▶ [WHAT YOU ARE ASKED TO DO]:
Restate each line of the listing exactly, without carrying over any pictures.

▶ [SUPPLIED MATERIAL]:
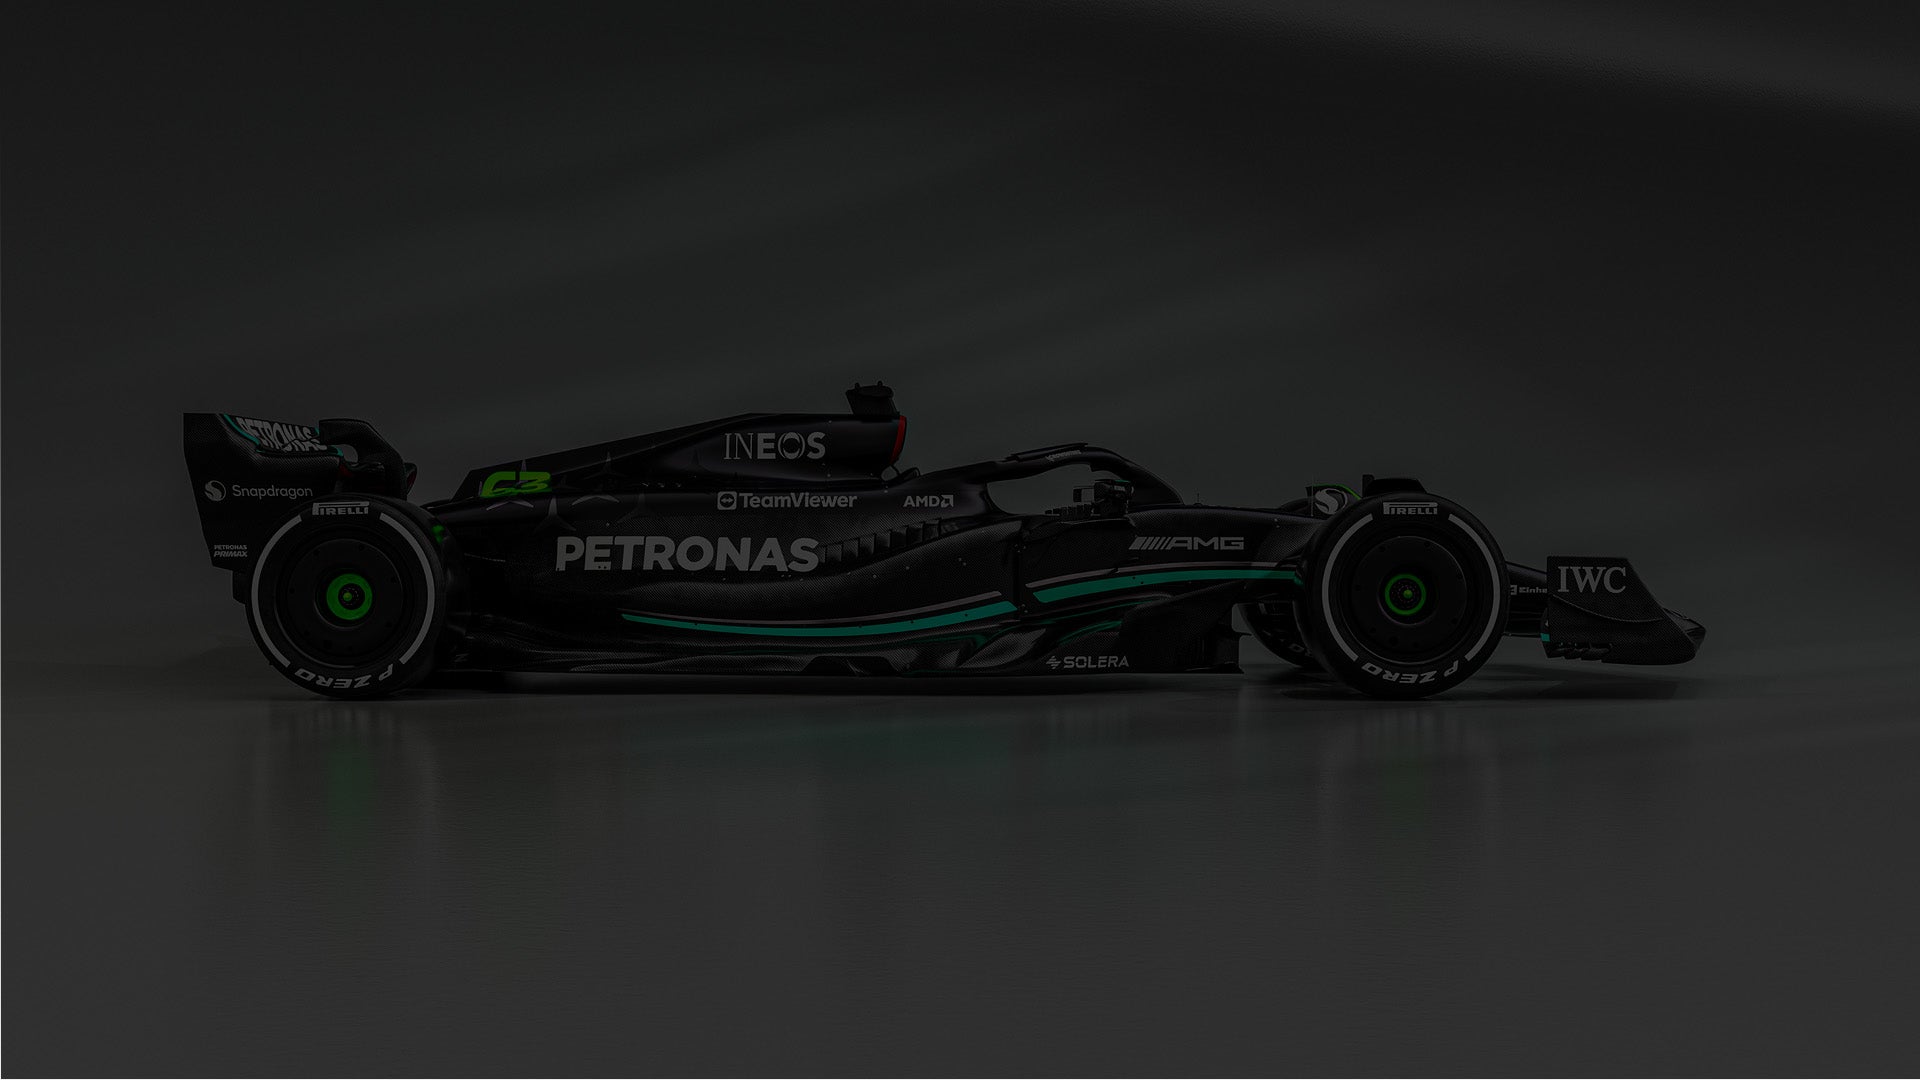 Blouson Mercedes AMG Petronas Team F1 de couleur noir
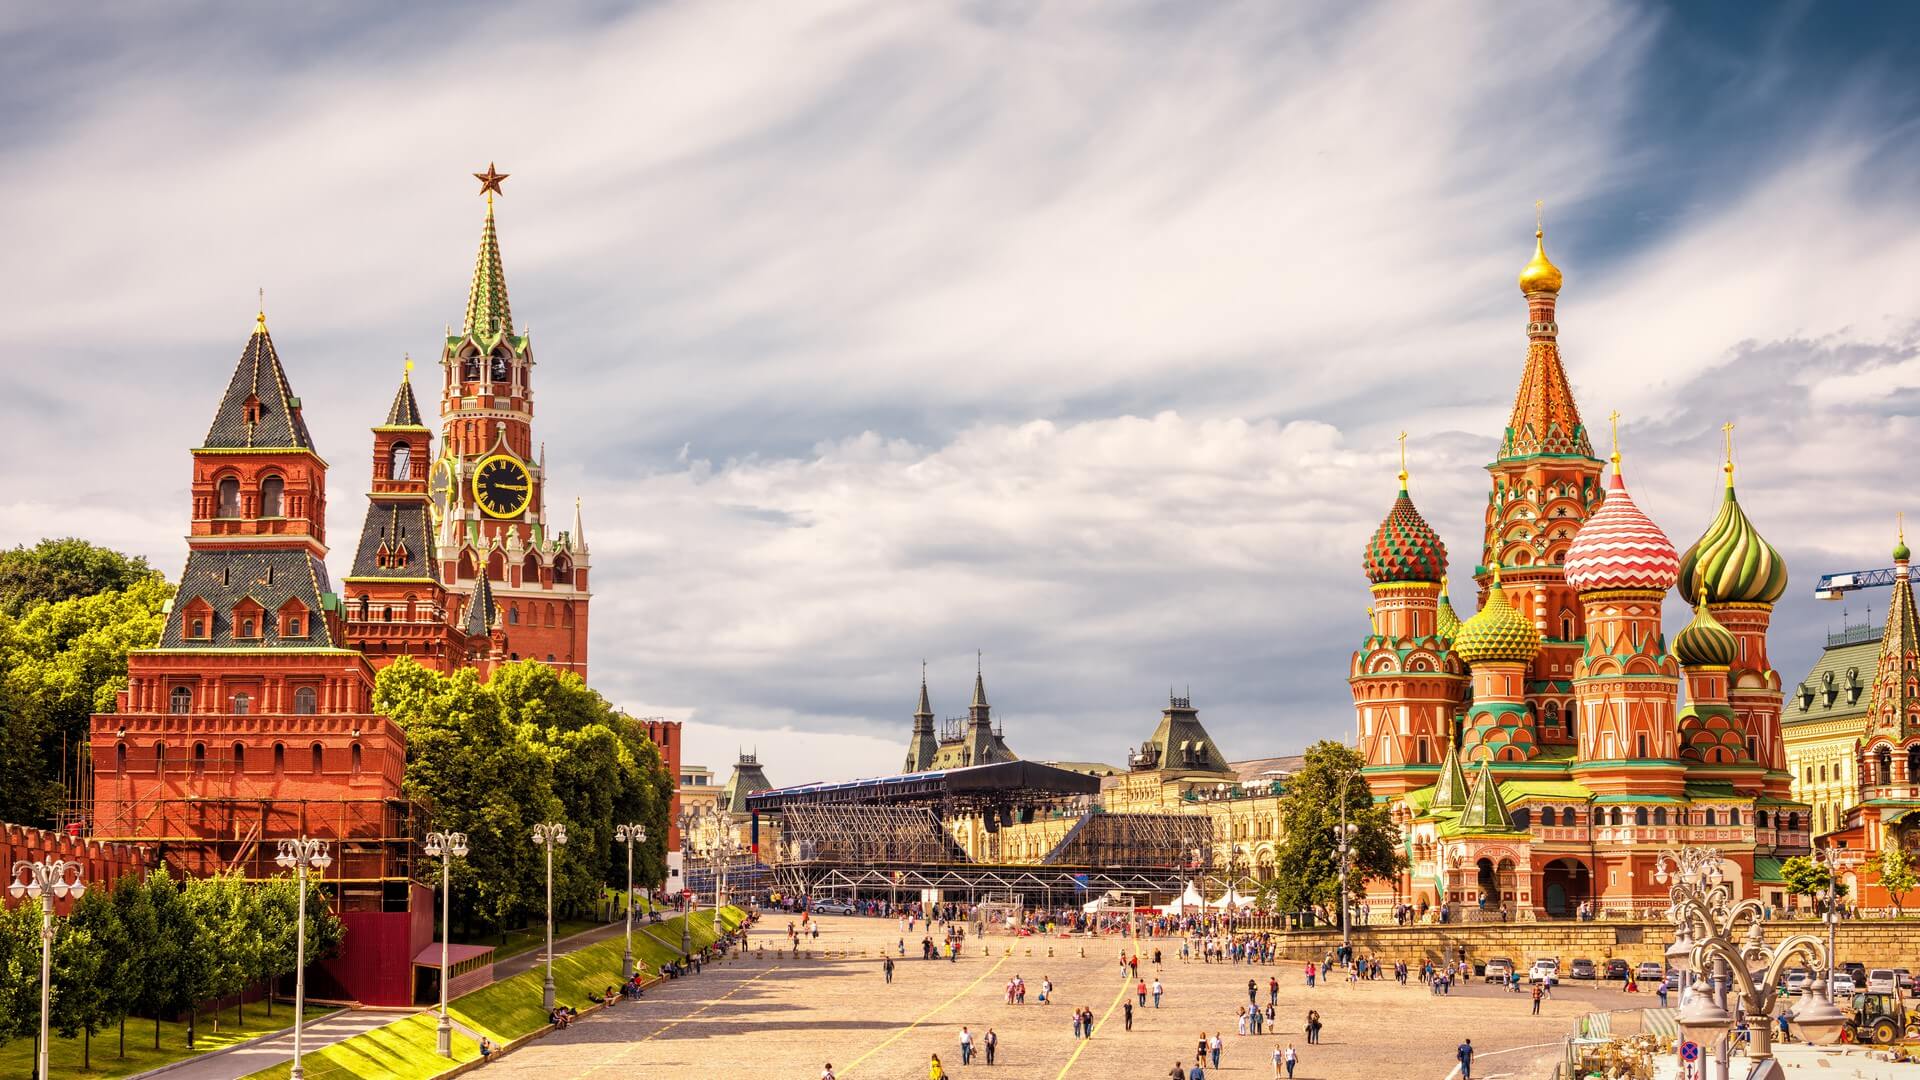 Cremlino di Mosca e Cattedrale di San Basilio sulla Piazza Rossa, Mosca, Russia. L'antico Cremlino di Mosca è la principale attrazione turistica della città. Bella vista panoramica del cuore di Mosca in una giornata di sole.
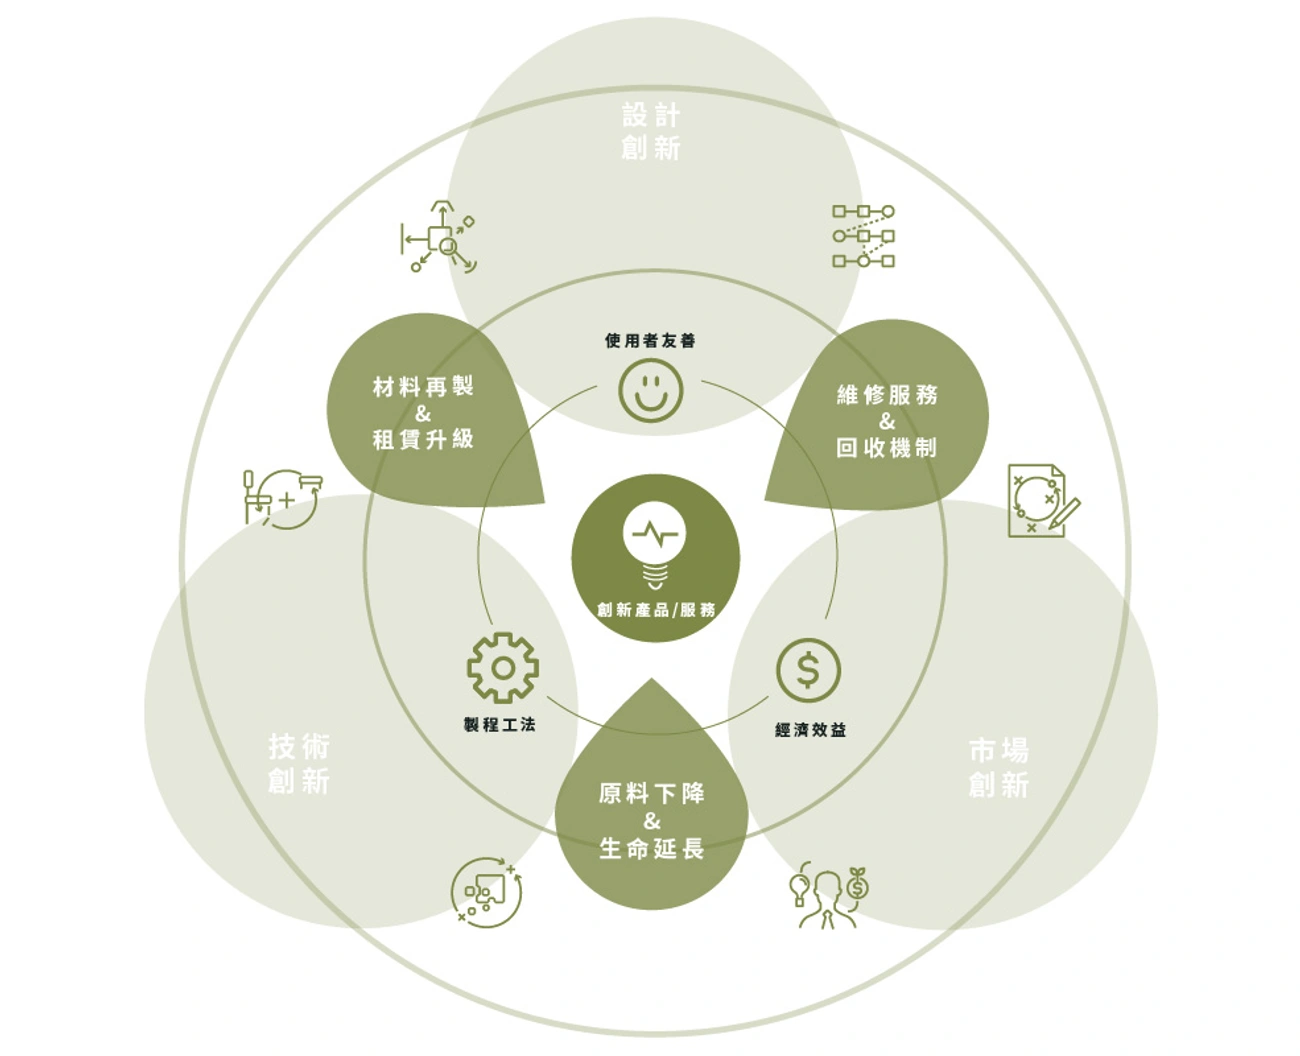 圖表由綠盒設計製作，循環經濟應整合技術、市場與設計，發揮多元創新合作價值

▶ [YOUR SOLUTION]:
 Blouson Mercedes AMG Petronas Team F1 de couleur noir
 Cremlino di Mosca e Cattedrale di San Basilio sulla Piazza Rossa, Mosca, Russia. L'antico Cremlino di Mosca è la principale attrazione turistica della città. Bella vista panoramica del cuore di Mosca in una giornata di sole.
 圖表由綠盒設計製作，循環經濟應整合技術、市場與設計，發揮多元創新合作價值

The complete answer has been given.